Ultimately, the uncertainty of whether the couple had met before is never resolved in the lyrics, just wistfully chalked up to "tricks that your mind can play" in the final line of the second verse, which is not often recorded:

It seems we stood and talked like this, before
We looked at each other in the same way then
But I can't remember where or when

The clothes you're wearing are the clothes you wore
The smile you are smiling you were smiling then
But I can't remember where or when

Some things that happened for the first time
Seem to be happening again
And so it seems that we have met before
And laughed before, and loved before
But who knows where or when

Some things that happened for the first time
Seem to be happening again
And so it seems that we have met before
And laughed before, and loved before
But who knows where or when

When you're awake, the things you think
Come from the dreams you dream.
Thought has wings, and lots of things
Are seldom what they seem.
Sometimes you think you've lived before

All that you live today.
Things you do come back to you,
As though they knew the way.
Oh, the tricks your mind can play.

Recorded versions
Where or When has become part of the Great American Songbook, having been recorded by scores of popular artists over the decades, starting with a successful cover by Hal Kemp and his Orchestra shortly after its debut in 1937.

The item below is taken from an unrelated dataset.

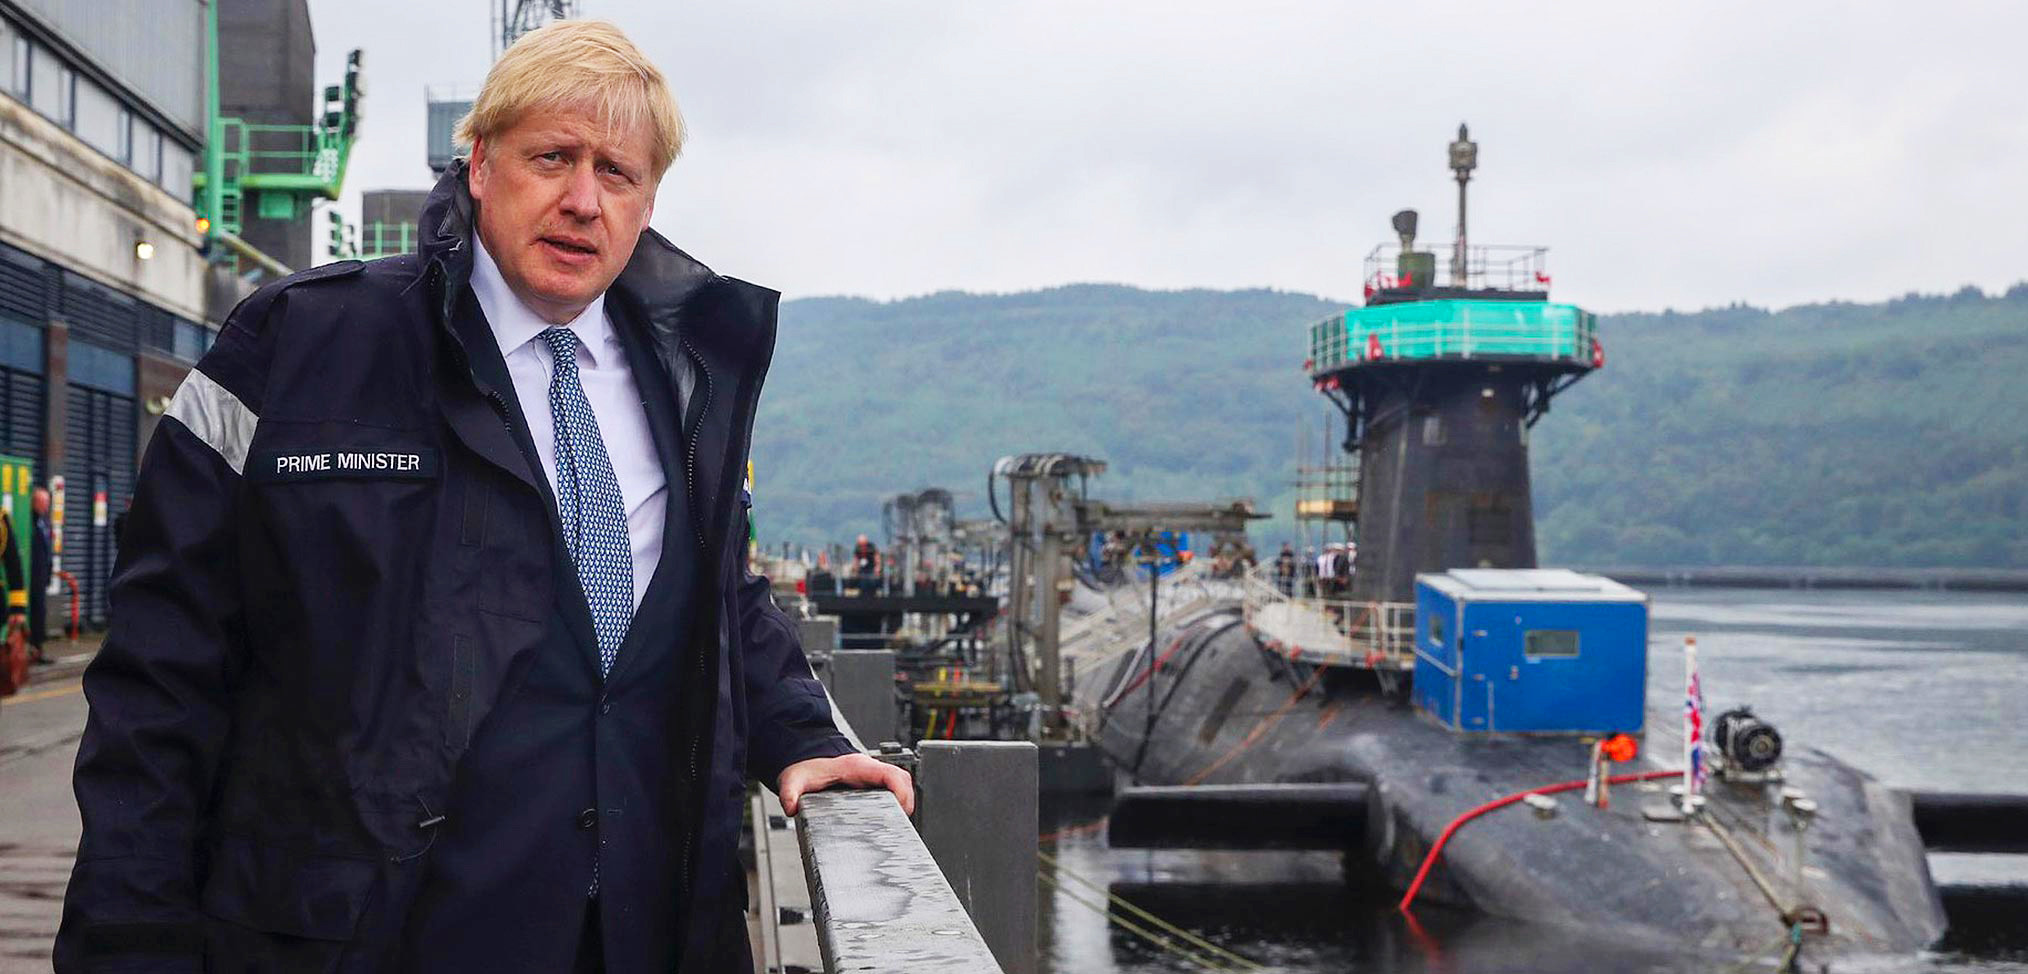 Election 2019: In search of the Royal Navy’s political friends

Other memorable recordings include those by  Douglas McPhail, Betty Jaynes, and Judy Garland in the 1939 MGM musical Babes in Arms, Peggy Lee and the Benny Goodman Sextet in 1941, Lena Horne in 1948, and Ella Fitzgerald in 1956.  Frank Sinatra recorded it three times, in 1941, 1958, and 1966, and Dean Martin is credited with numerous interpretations.  Instrumental versions were recorded by Count Basie, Dave Brubeck,  Duke Ellington, and others, and a doo-wop 45 rpm single by Dion & The Belmonts in 1960.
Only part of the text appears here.